As February is Black History Month, it is important to remember the influential women who have inspired as well as created a space for Black women to exist and be recognized.


As a queer, Black, female artist, Mickalene Thomas gravitated towards collage for her artist expression, which allowed her the freedom of expressing sexuality, gender, and race. Thomas’s art focuses on paintings, time-based media, and silkscreen works, all featuring Black women. Femmes Noires provides a meditation on the politics of resistance while seamlessly merging her biography with the broader contemporary concerns around the cultural representation of Black women. In this way, her aim is to “present the beauty of the Black body” through cultural references to Black women both current and from the 1970’s and '80’s that she would have recognized growing up. Mickalene Thomas puts Black women at the centre of her artistic focus, saying “to do the work that I do, I am asking of and looking to my sisters of the world.” Through her art, Thomas attends to the notion that the strong Black woman is in itself a burden that demands an unmovable stoicism from those very Black women who aim to elevate their cultural status. In her portraits, Thomas works to evoke both a sense of self-assurance and vulnerability to properly represent the fragmentation of shifting identities within current cultural appropriation.

 


Rebecca Fisseha explores what it means to be a Black woman within an Ethiopian context. Her novel, Daughters of Silence, follows the story of Dessie, a young Ethiopian woman who is forced to return to Ethiopia after a volcano’s eruption forces the plane she works on to land there. Dessie must stay with her maternal grandfather, Bape, while he and his family mourn the death of Dessie’s mother, Ema. As Dessie reacquaints herself with her grandfather's house, familiar yet strangely alien to her diasporic sensibilities, she pieces together the family secrets: the trauma of dictatorship and civil war, the shame of unwed motherhood, and the abuse met with silence that gives shape to the mystery of her mother's life.

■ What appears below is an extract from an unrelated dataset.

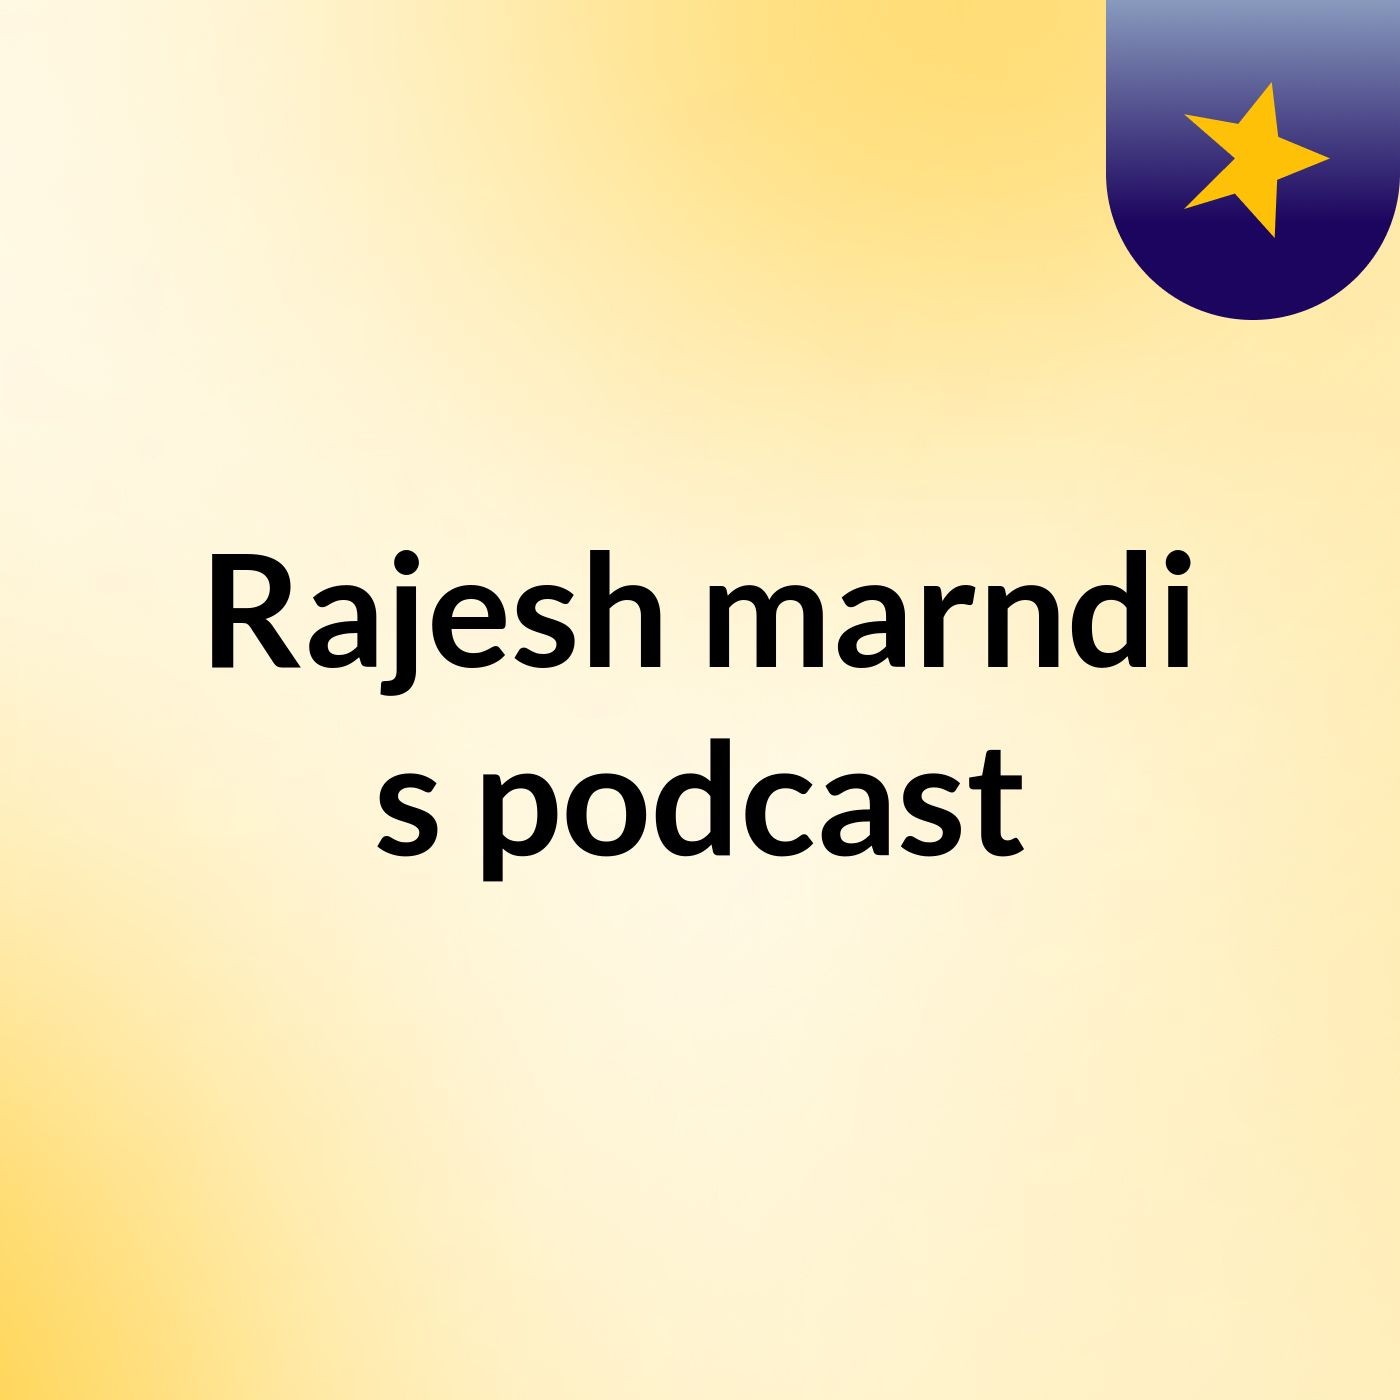 Rajesh marndi's podcast

Thomas’s and Fisseha’s works explore what it means to be a Black woman within the constraints of today’s society. While Mickalene Thomas uses '70’s and '80’s art to create her interpretation of what it means to be a Black woman and the artistic space available for Black women to express themselves, Fisseha’s novel works to uncover the secrets and the cultural expectations which weigh down the character of Dessie. The different pressures which create the atmosphere under which both of these artists work in allows for the depictions of strong, confident, and powerful Black women found in the fiction of Fisseha and the artistic creations of Thomas.